6. OPTIONAL CASH PAYMENTS
A Participant may make optional cash payments to be used for the
purchase of additional shares of Stock. Optional cash payments may be made
monthly, but the minimum optional cash payment shall be $25 per month and the
maximum optional cash payment shall be $2,000 per month. The same amount need
not be invested each month. Participants are under no obligation to make
optional cash payments.
A Participant may make an optional cash payment by forwarding a check
or money order payable to the Plan Agent with the payment form attached to his
statement of account. The Plan Agent will apply each optional cash payment
received from a Participant at least ten (10) days before a Purchase Date to the
purchase of Stock for the account of that Participant on such Purchase Date. Any
optional cash payment received by the Plan Agent less than ten (10) days before
a Purchase Date shall be retained by the Plan Agent and applied to the purchase
of Stock for the account of the Participant on the next Purchase Date if the
Participant is still a holder of record on such next Purchase Date. An optional
cash payment will not be deemed to have been made by a Participant or received
by the Plan Agent until the funds so contributed are actually collected.

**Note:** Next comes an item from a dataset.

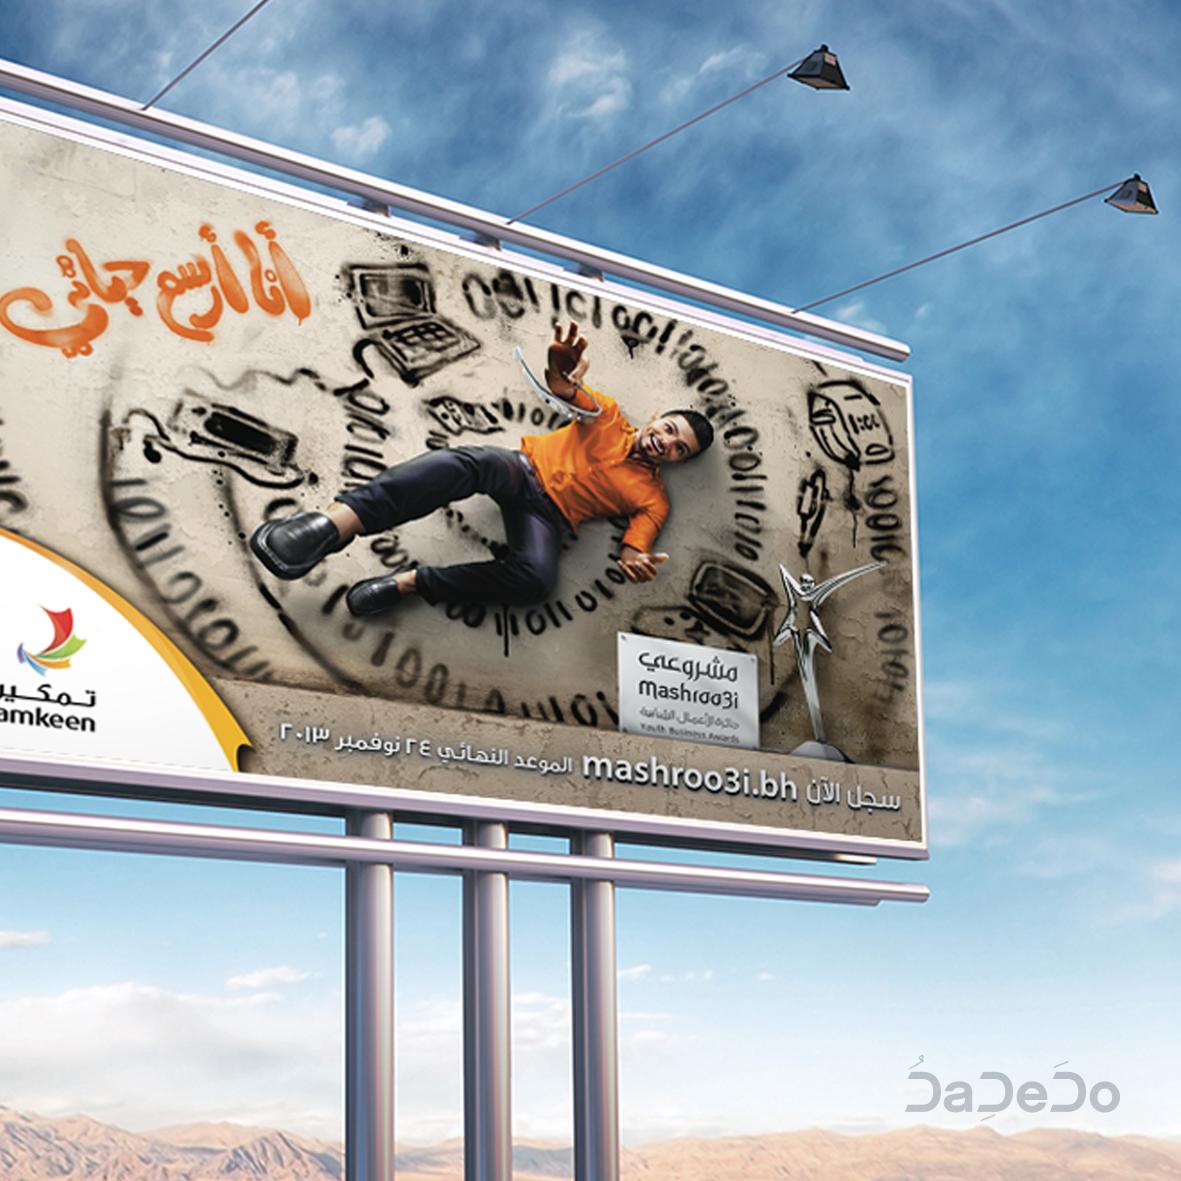 Mashroo3i Business Plan Competition Campaign

Interest will not be paid on optional cash payments. Optional cash
payments will be returned to a Participant upon written request to the Plan
Agent, provided that the request is received by the Plan Agent at least five (5)
business days prior to the next scheduled Purchase Date.
7. PURCHASES
Stock needed to meet the requirements of the Plan will either be
purchased in the open market, issued directly by the Company from authorized but
unissued or treasury shares or acquired through a combination of the foregoing.
Stock purchased in the open market will be purchased by the Plan Agent
(or other independent agent appointed by the Company) who will have sole
discretion in all matters related to such purchases, including the day and time
of purchase, purchase price paid, number of shares purchased and the markets or
persons through whom the purchases will be made. The purchase price per share to
a Participant for shares purchased on the open market will be the weighted
average price, including brokerage commissions, if any (the "Open Market
Price"), of all shares purchased in the open market by the Plan Agent to satisfy
Plan requirements.
Provided that at least twenty-five percent (25%) of the shares needed
to be acquired to satisfy the Plan requirements on any Purchase Date are
purchased in the open market, the purchase price per share of the shares
purchased from the Company to satisfy the balance of the Plan requirements will
be the Open Market Price. If less than twenty-five percent (25%) of the shares
needed to be acquired to satisfy the Plan requirements on any Purchase Date are
purchased in the open market, the purchase price per share to a Participant will
be the "Fair Market Value" of a share of the Stock. The Fair Market Value of a
share of the Stock is the mean between the highest bid price and lowest asked
price last quoted by the then current market makers in the Stock on the Purchase
Date. If no such bid and asked price is available, then the Fair Market Value
will be the mean between the most recent highest bid price and lowest asked
price last quoted by the market makers of the Stock prior to the Purchase Date.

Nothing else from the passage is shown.